Jurisprudence sur le Crédit d’Impôt Recherche

R&D en Suisse

Publié le 17 octobre 2017

Arrêt n°16PA03430 – Cour Administrative d’Appel de PARIS 2e chambre – 6 mai 2017

Cet arrêt d’appel propose une nouvelle illustration de différentes problématiques fiscales très actuelles s’agissant du Crédit d’Impôt Recherche (CIR) :

 

  • Nature d’une demande de restitution de CIR :

• L’instruction d’une demande de remboursement d’un crédit d’impôt recherche (cf. article 199 ter B du Code Général des Impôts) s’analyse comme une réclamation contentieuse (cf. article L. 190 du livre des procédures fiscales).

• Les garanties propres aux vérifications de comptabilité ne trouvent pas à s’appliquer dans le cadre de l’instruction d’une demande de remboursement de crédit d’impôt recherche (procédure contentieuse).

 

  •  Retraitement du CIR d’un sous-traitant agréé :

• Les dépenses exposées pour la réalisation d’opérations de recherche confiées à des prestataires agréés ouvrent droit, pour le donneur d’ordre, à un crédit d’impôt dans la limite des plafonds prévus par l’article 244 quater B du Code Général des Impôts (CGI).

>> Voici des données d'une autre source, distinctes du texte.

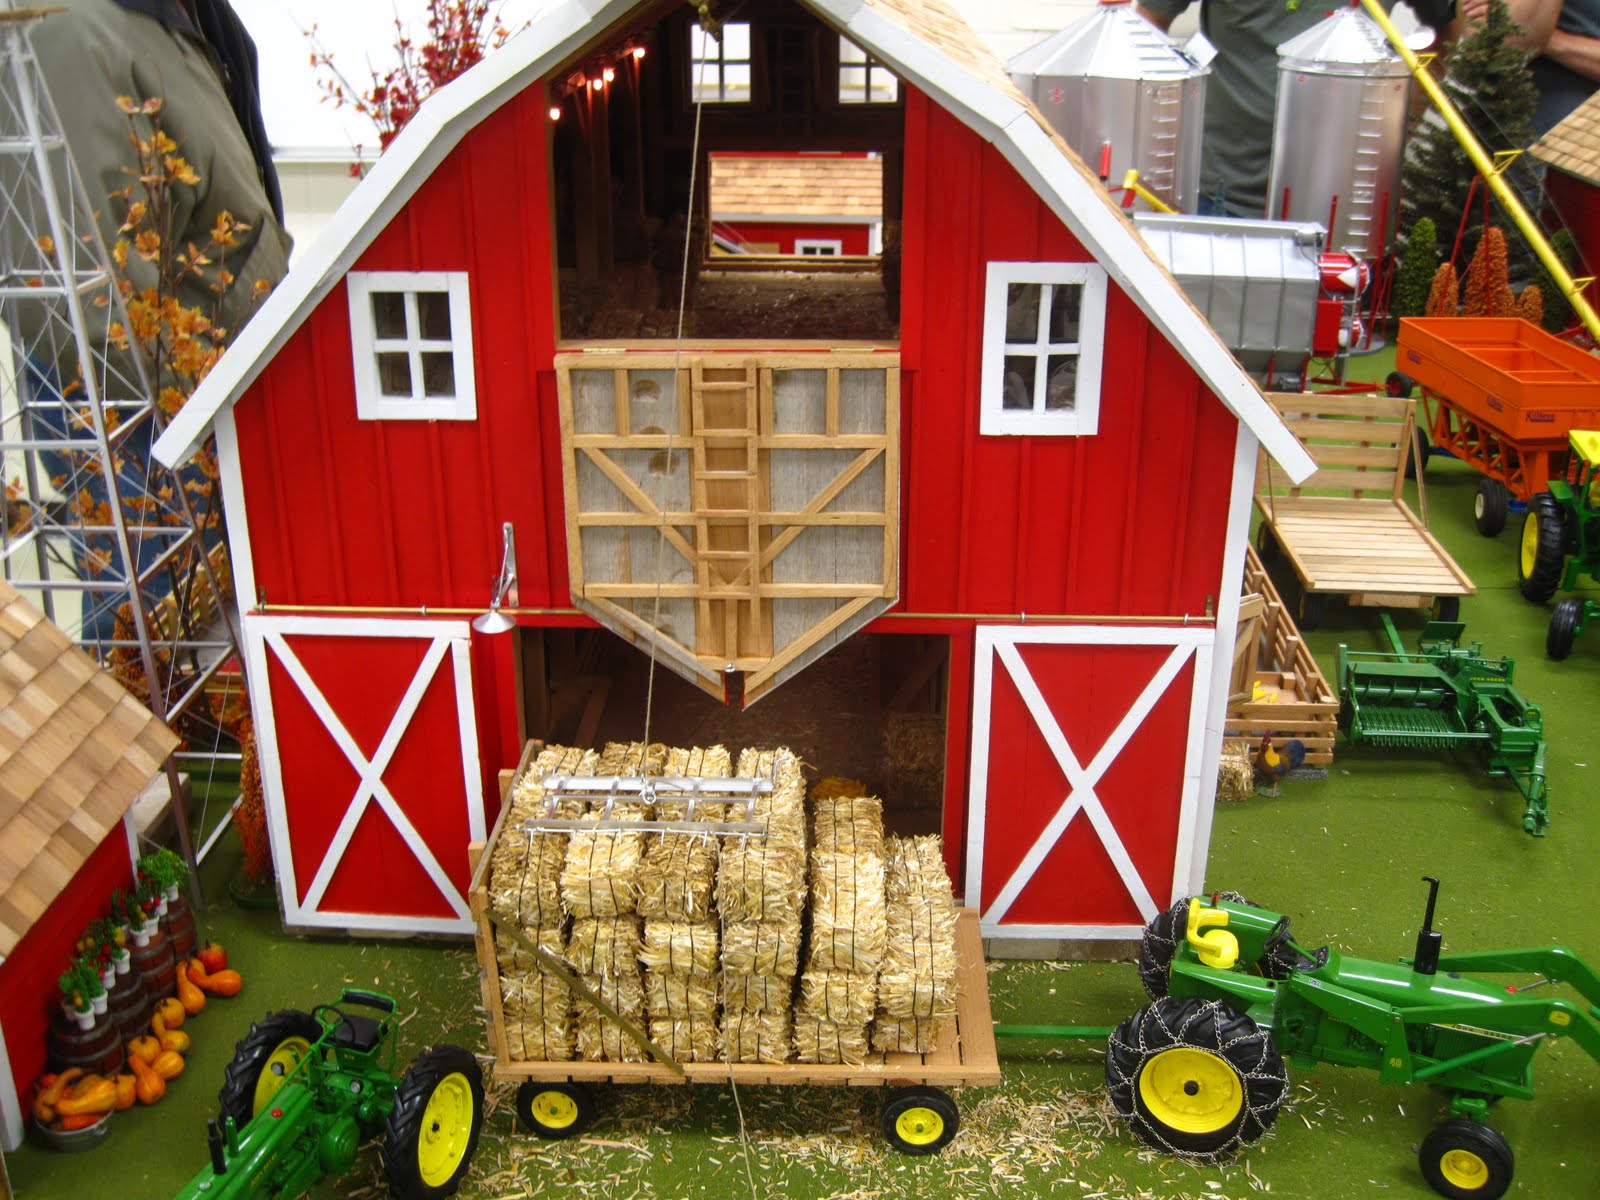 Zac's Tractors 2010 National Farm Toy Show Pictures
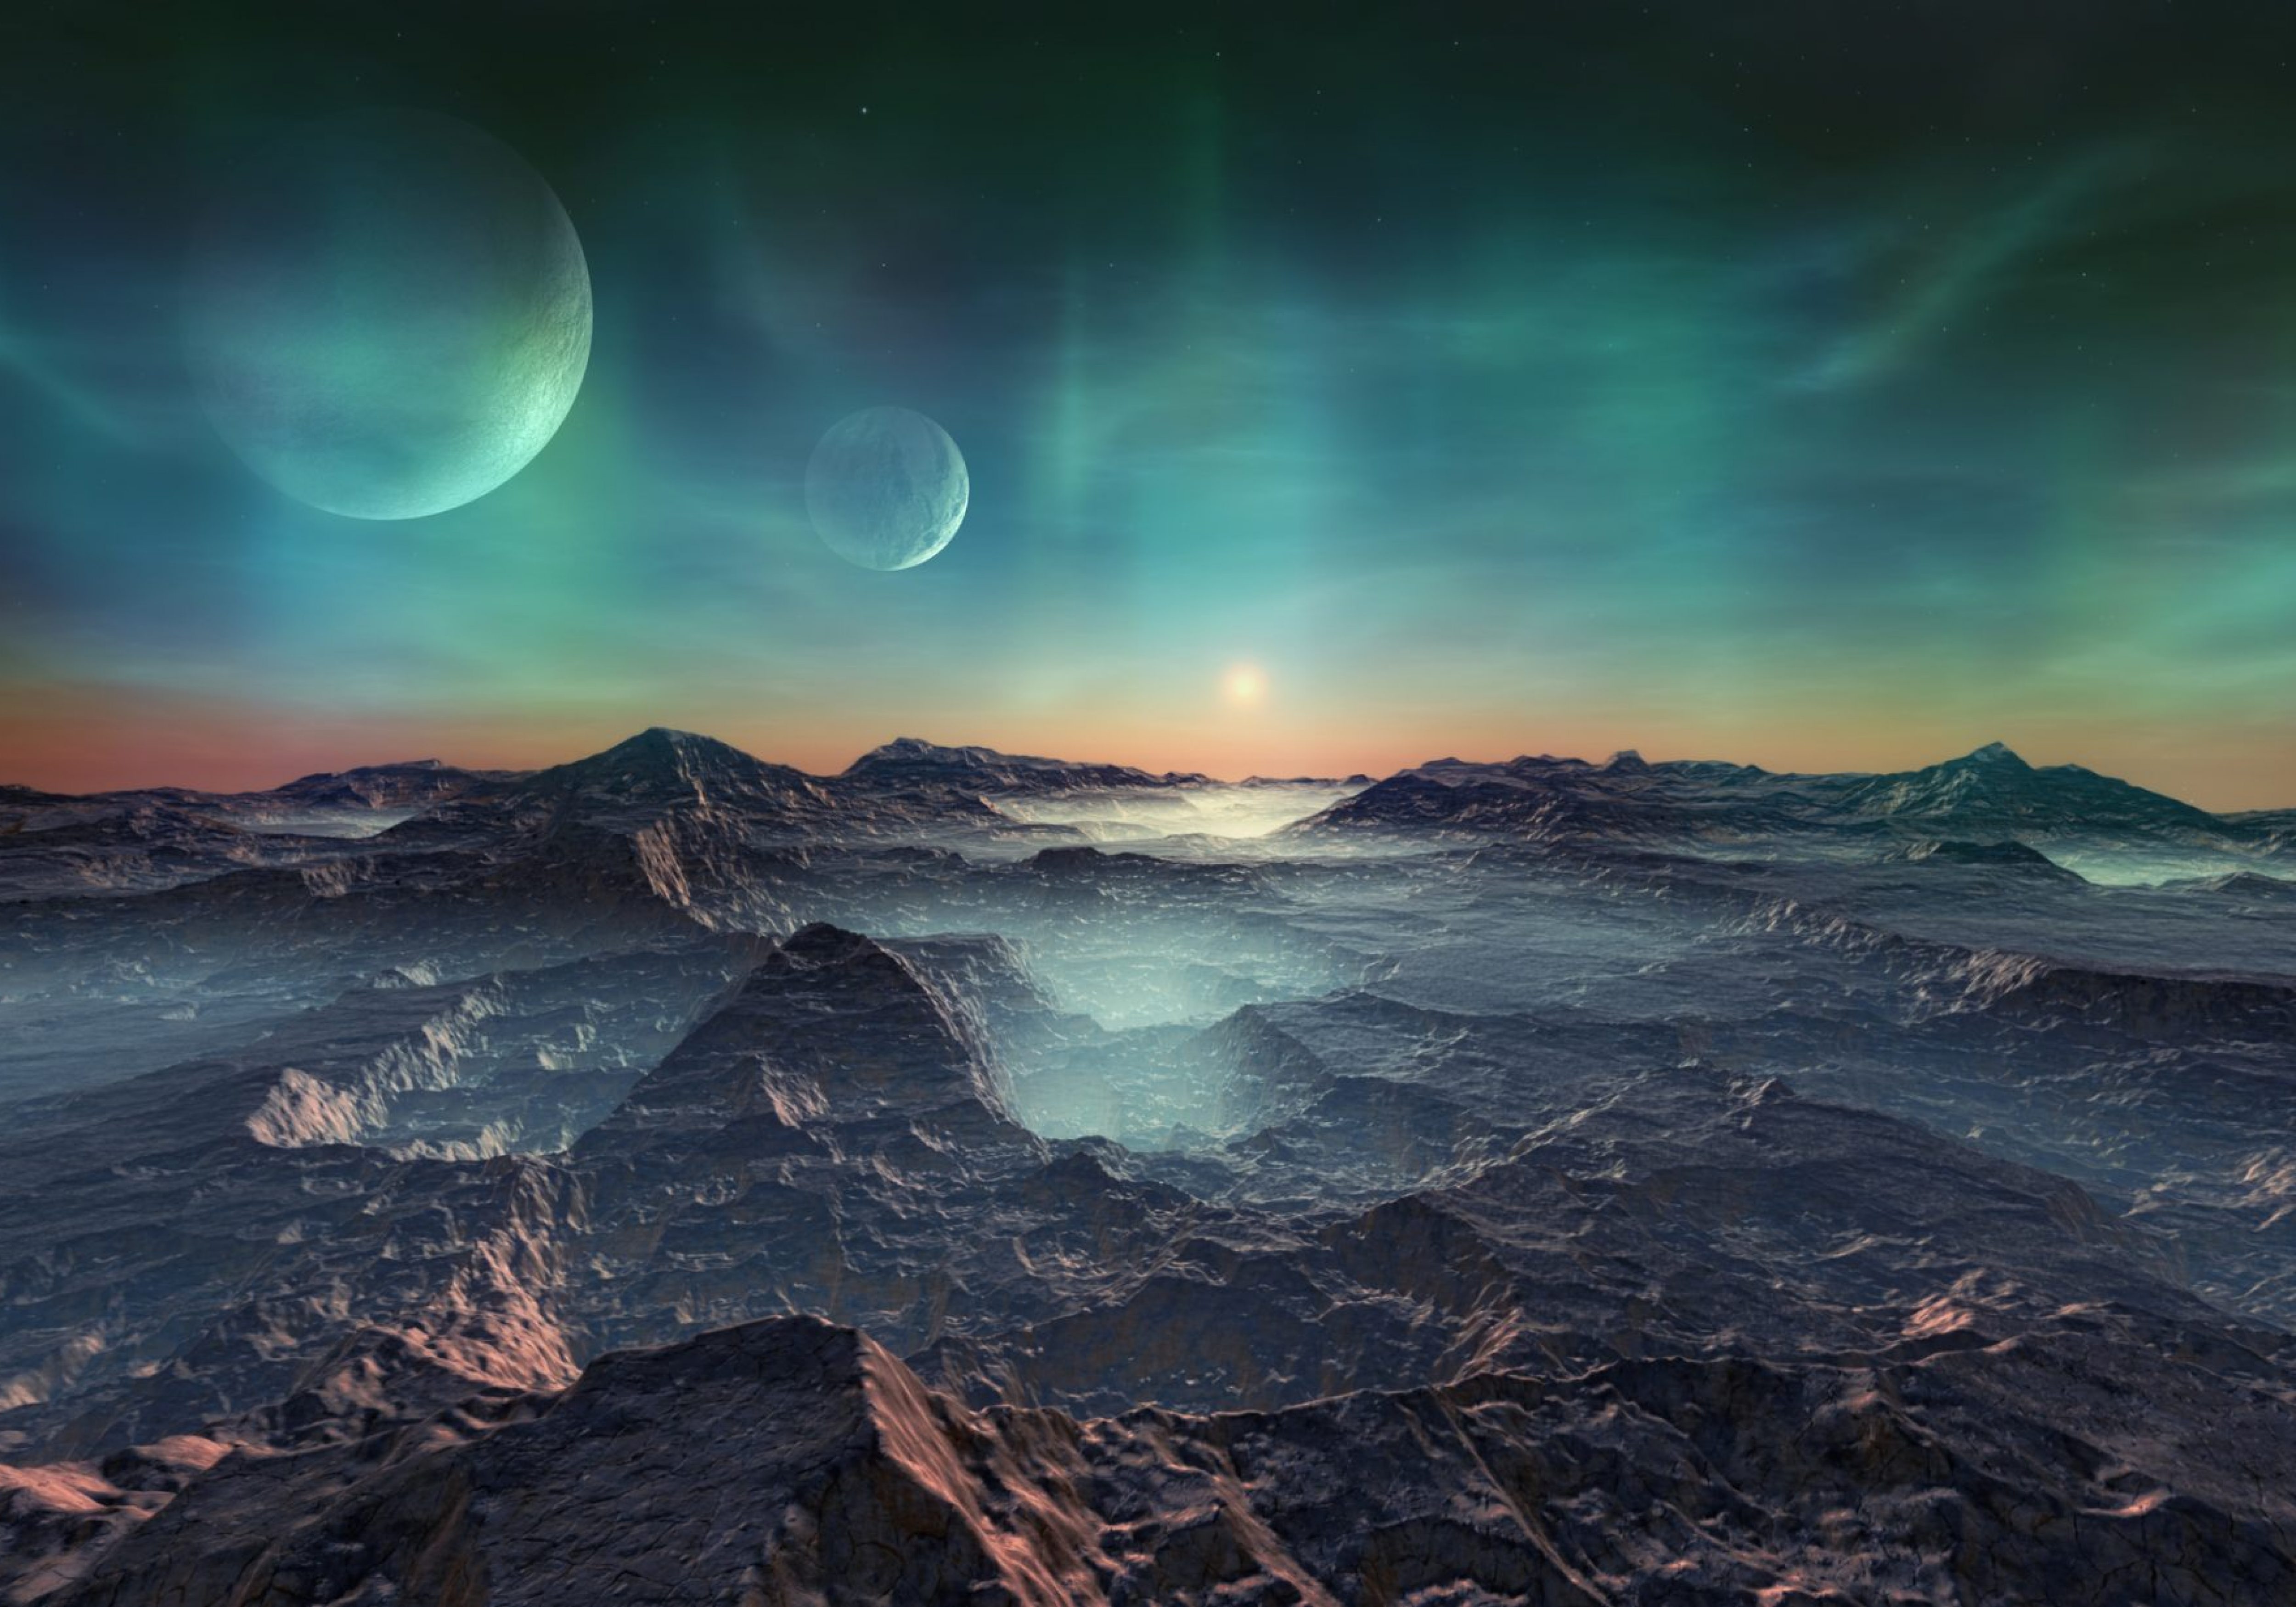 A dark Sci-fi landscape of mountains on an unknown world with two moons on a night horizon symbolises brave new worlds.

• Corrélativement, les prestataires agréés doivent déduire les sommes ainsi reçues de la base de calcul de leur propre crédit d’impôt recherche.

• Peu importe l’« esprit de la Loi » invoqué par le contribuable déclarant, « sans qu’il y ait lieu de se référer aux travaux parlementaires ayant présidé à l’adoption de ces dispositions législatives, dès lors qu’elles ne comportent aucune ambiguïté (la société agréée) n’est pas fondée à soutenir, sur le fondement de la loi fiscale, qu’elle pouvait prendre en compte ces sommes dans la base de calcul de son propre crédit d’impôt recherche, et ce, alors même que les entreprises clientes auraient renoncé à bénéficier du crédit d’impôt recherche à raison des sommes qu’elle leur a facturées ».

 

  • Sur la faculté d’opposer une prise de position formelle cf. articles L 80 A et L80 B du Livre des Procédures Fiscales :

• Rappel des faits de l’espèce : le service vérificateur avait admis, s’agissant du CIR de l’année 2009, que les sommes reçues des donneurs d’ordre étrangers ne devaient pas être déduites de l’assiette des dépenses éligibles au titre du CIR.

• Cependant, la faculté d’opposabilité d’une prise de position formelle de l’administration fiscale n’est offerte qu’en cas de rehaussement.

• Or, au cas particulier, la société prestataire n’est pas fondée à opposer une prise de position formelle issue d’un contrôle précédent, car en l’espèce, il n’y a pas de rehaussement, mais simplement un refus de remboursement d’un crédit d’impôt (procédure contentieuse).